EXERCISE GOAL: Copy out every line of the data exactly; do not include the images.

DATASET SECTION:
+ + + + +

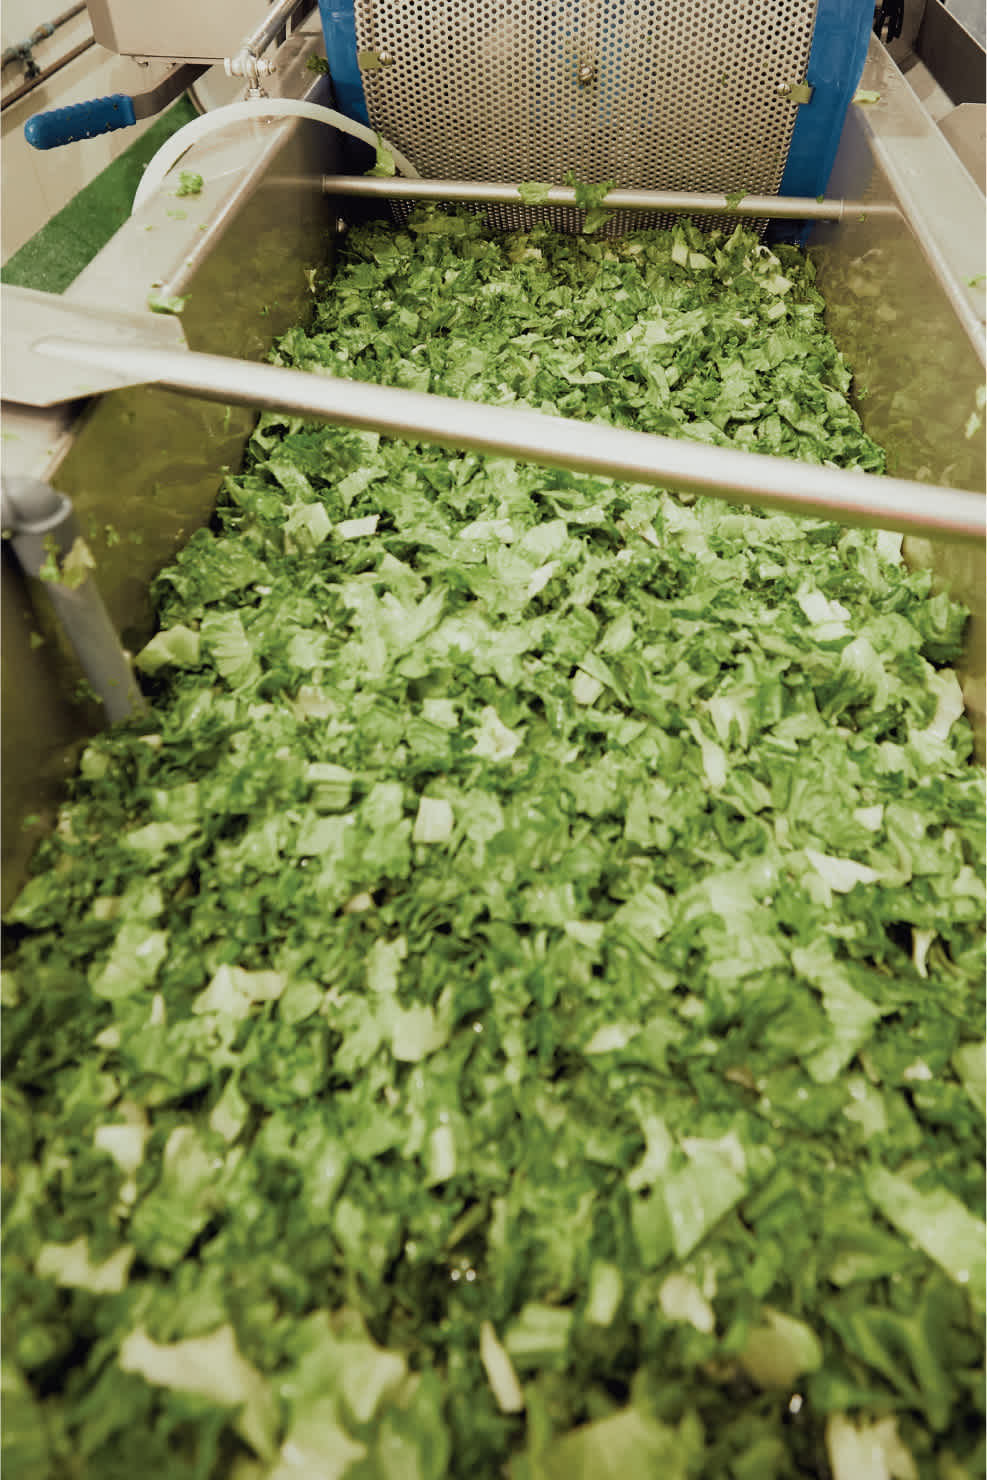 Image of lettuce being chopped and washed
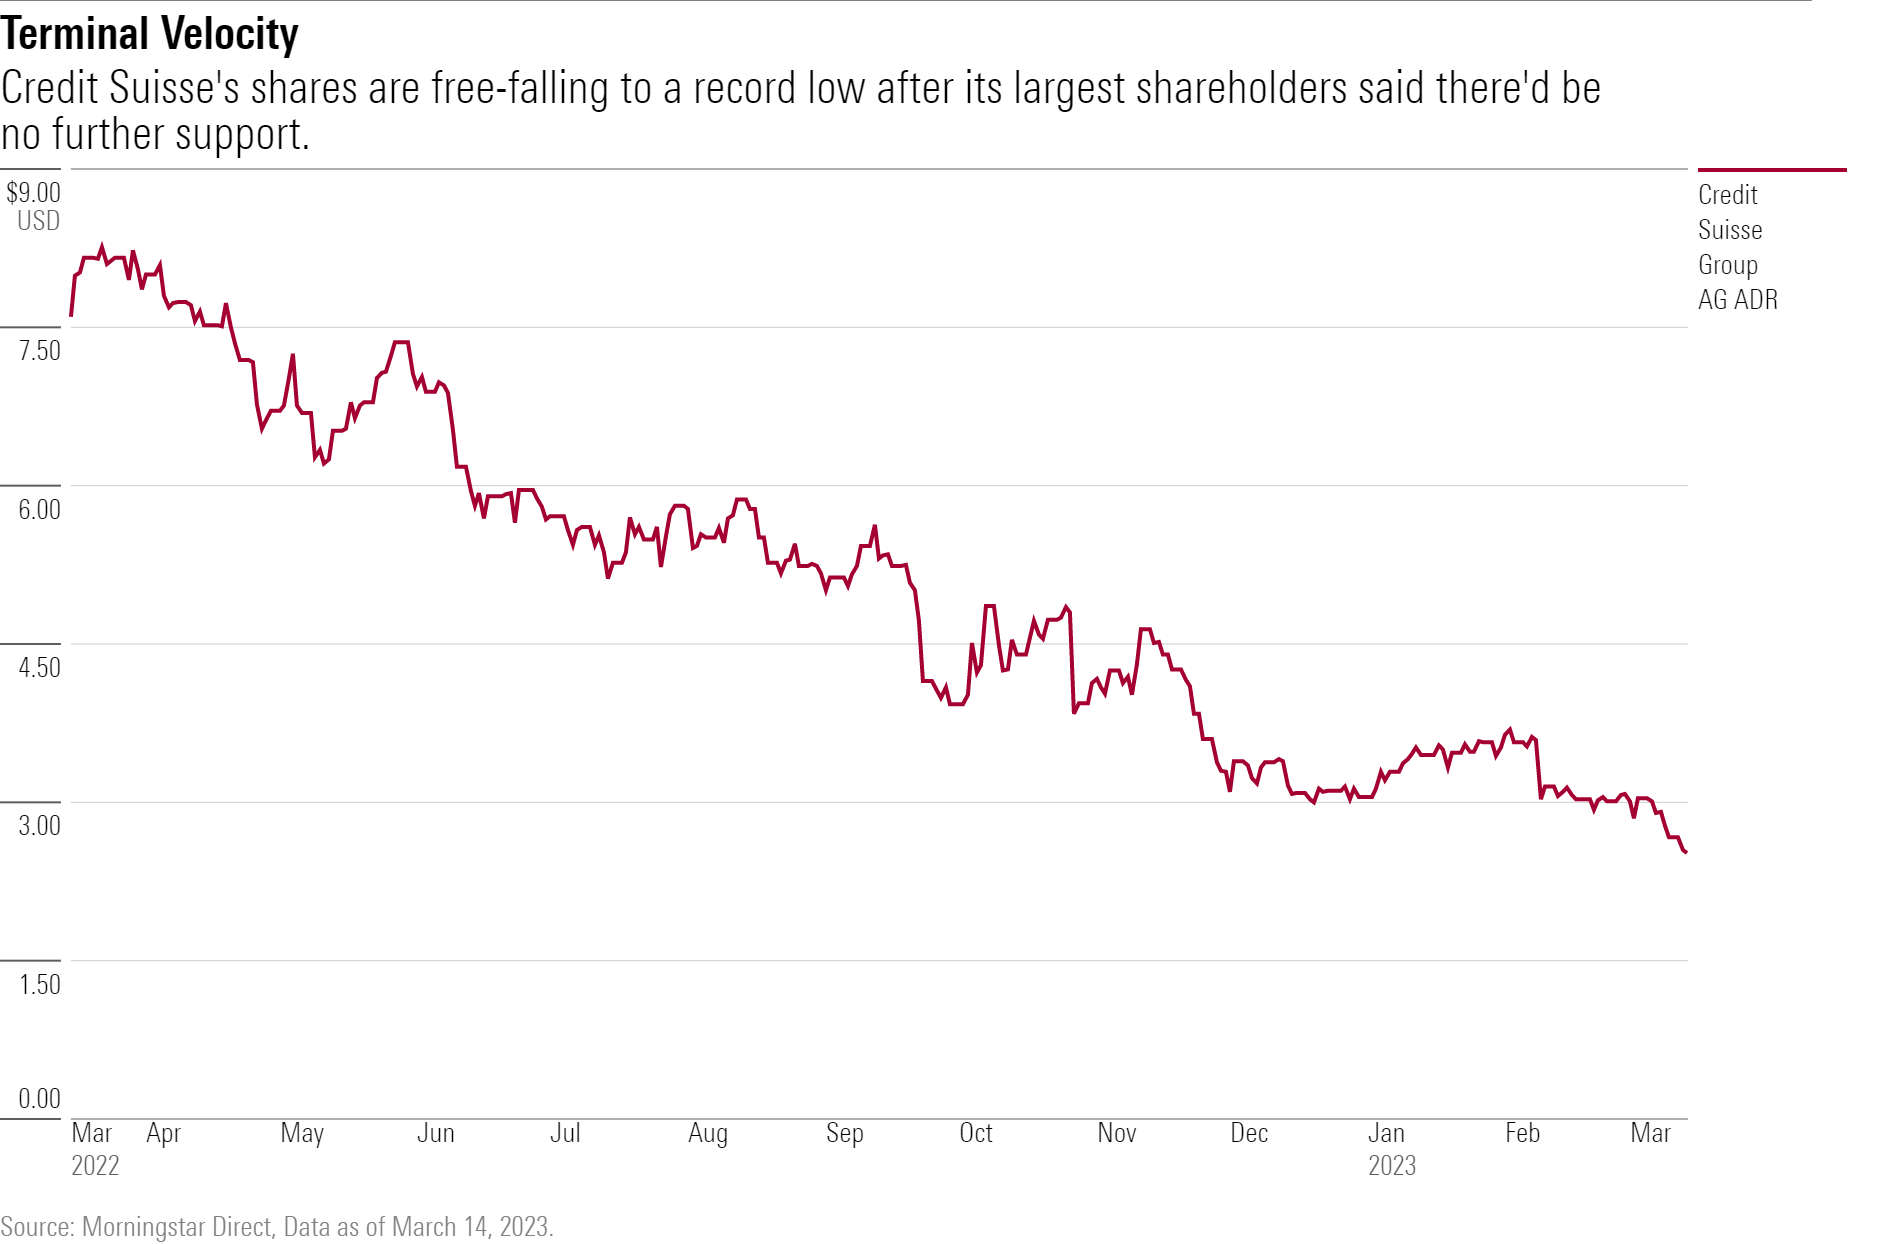 A line chart showing the decline of Credit Suisse's shares to an all-time low of CHF 1.56.
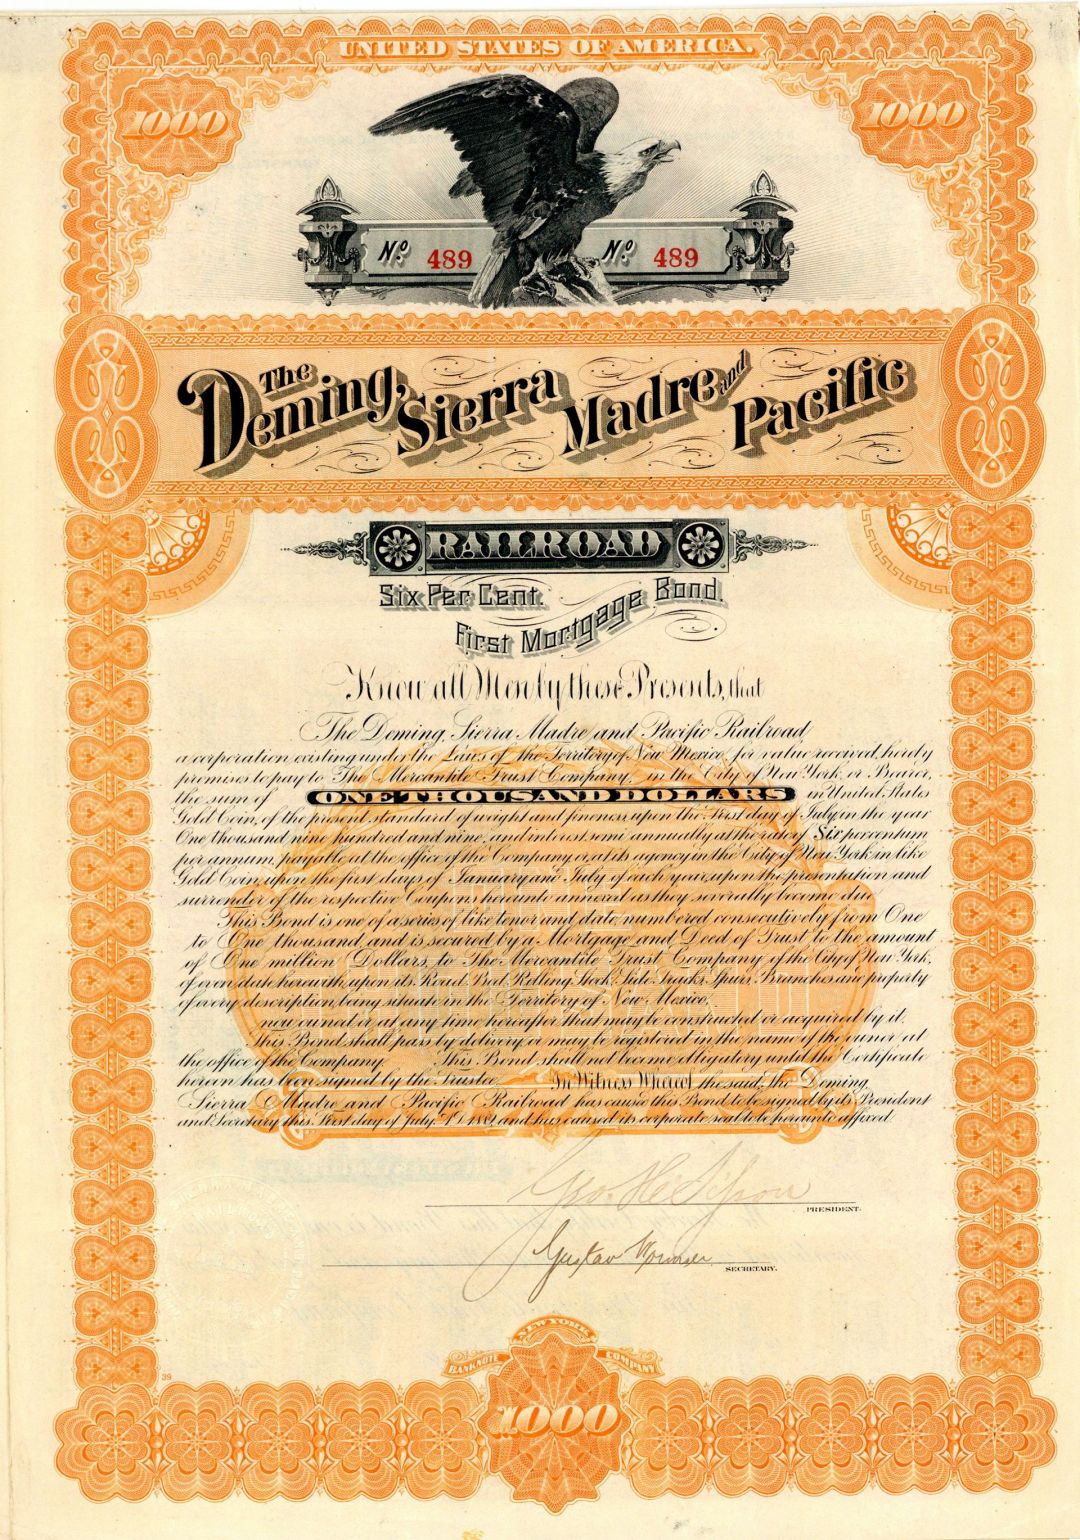 Deming, Sierra Madre and Pacific Railroad Gold Bond - 1889 dated $1,000 6% First Mortgage Railway Uncanceled Bond
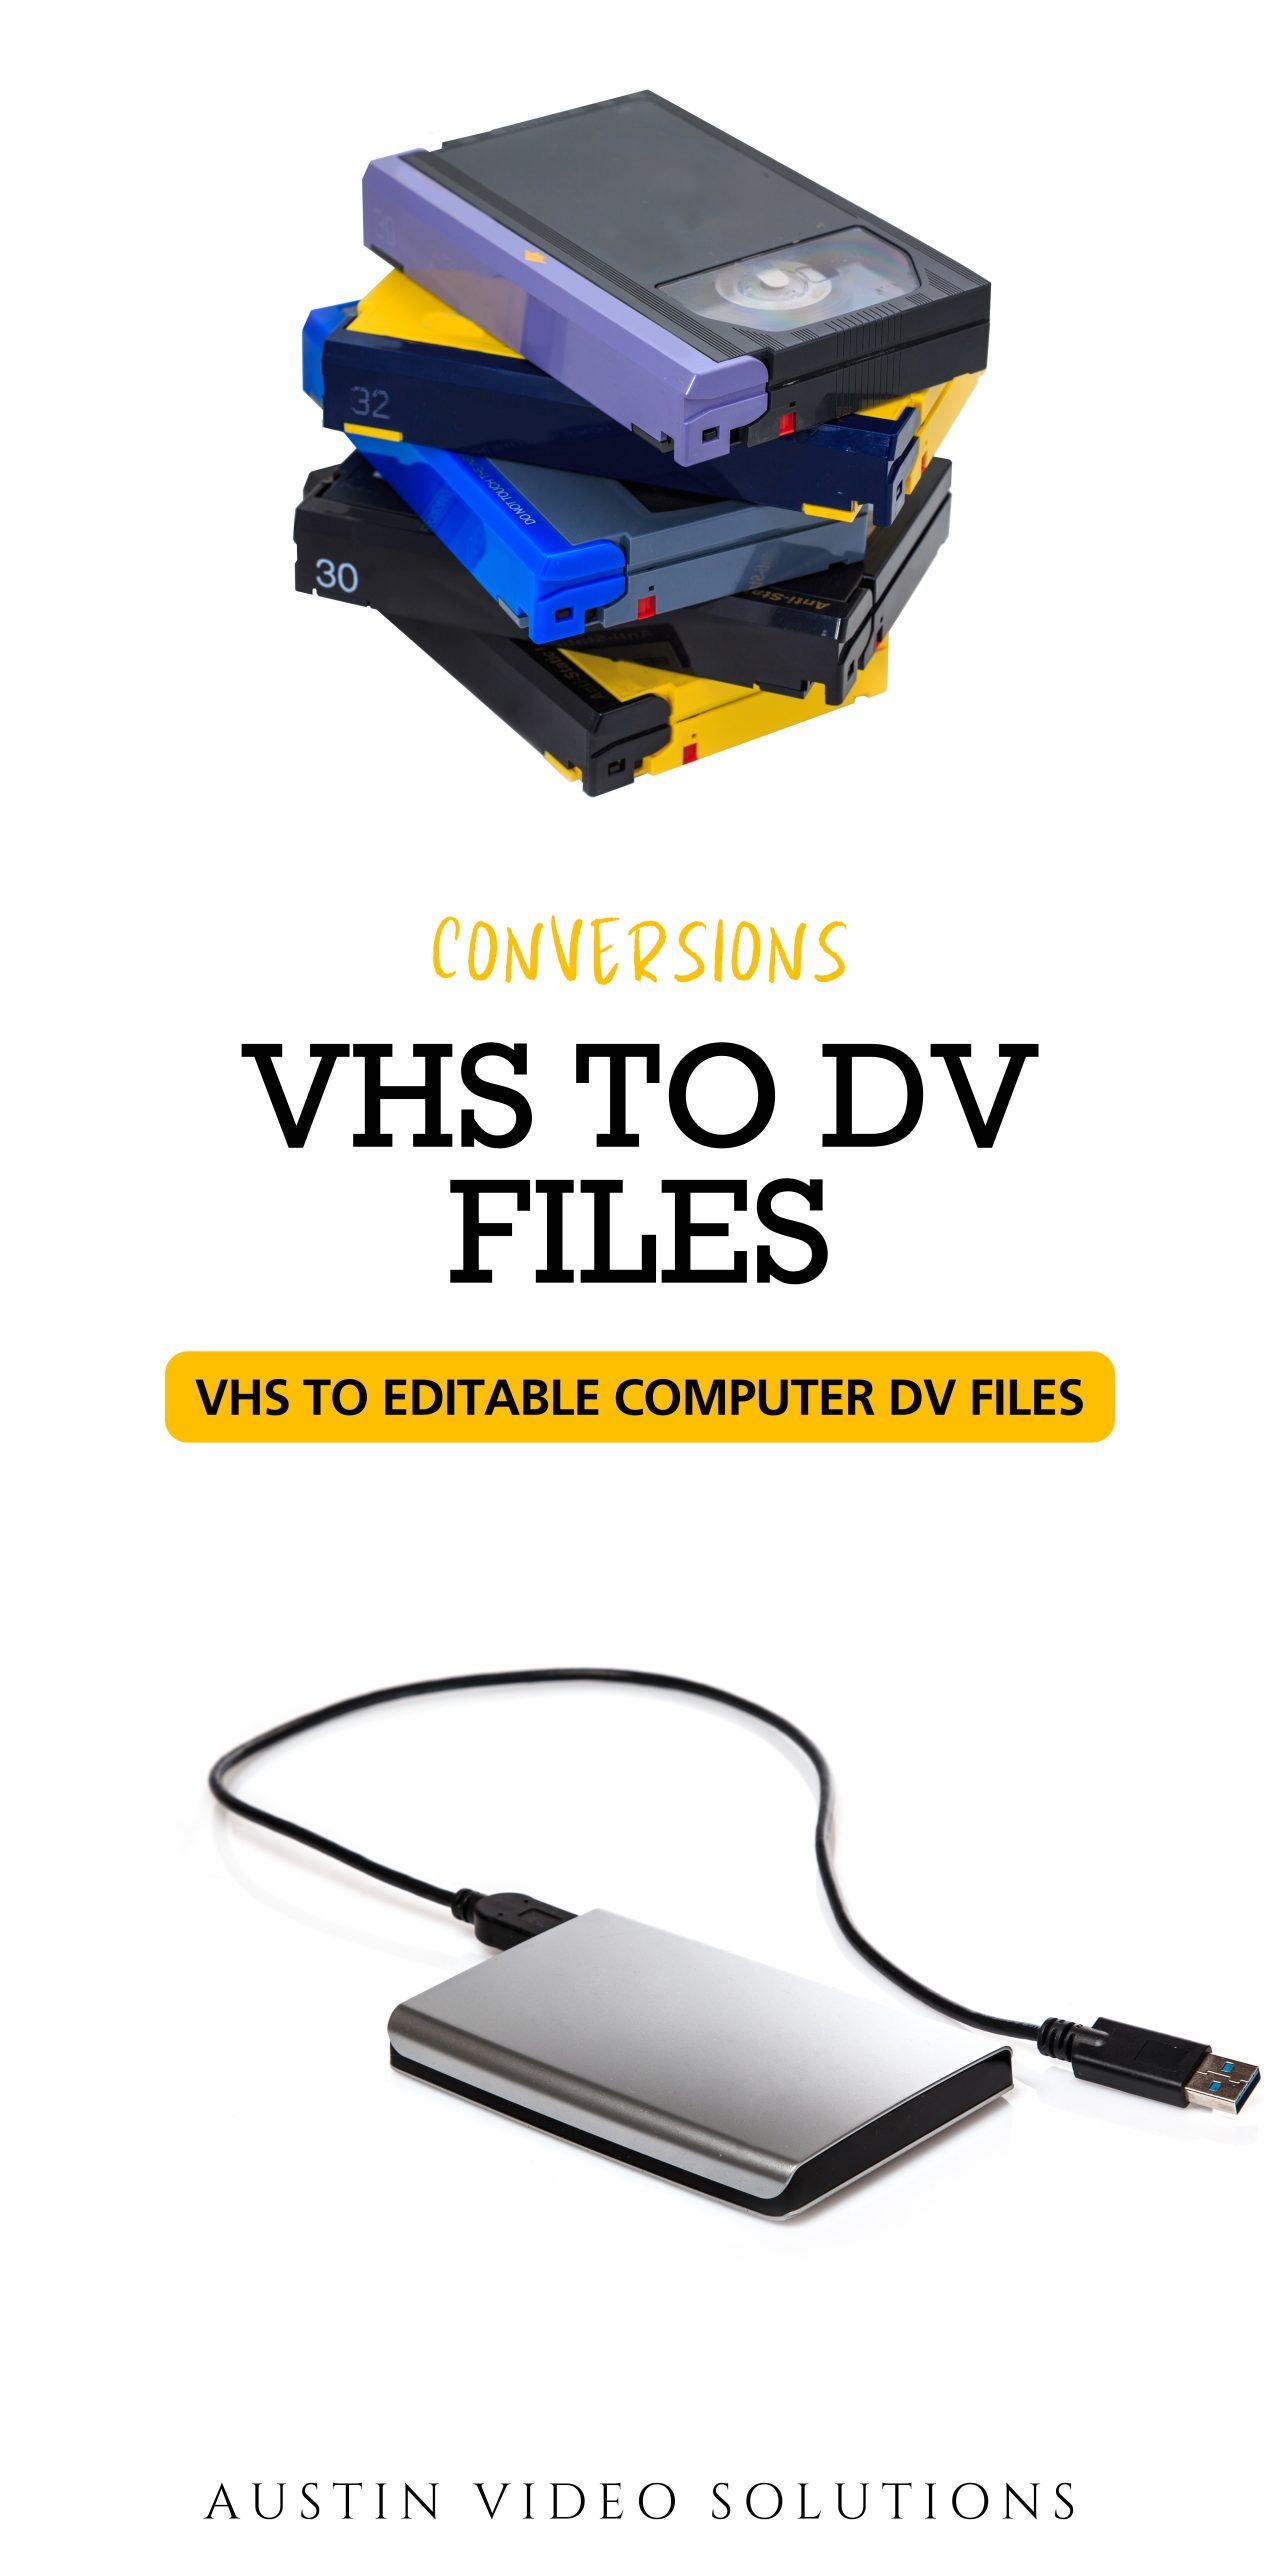 Convert your VHS tapes to high quality digital formats like DV and MP4 for easy editing, sharing, and long-term preservation. Choose from convenient storage options like hard drives or thumb drives.

+ + + + +

SOLUTION:
 Image of lettuce being chopped and washed
 A line chart showing the decline of Credit Suisse's shares to an all-time low of CHF 1.56.
 Deming, Sierra Madre and Pacific Railroad Gold Bond - 1889 dated $1,000 6% First Mortgage Railway Uncanceled Bond
 Convert your VHS tapes to high quality digital formats like DV and MP4 for easy editing, sharing, and long-term preservation. Choose from convenient storage options like hard drives or thumb drives.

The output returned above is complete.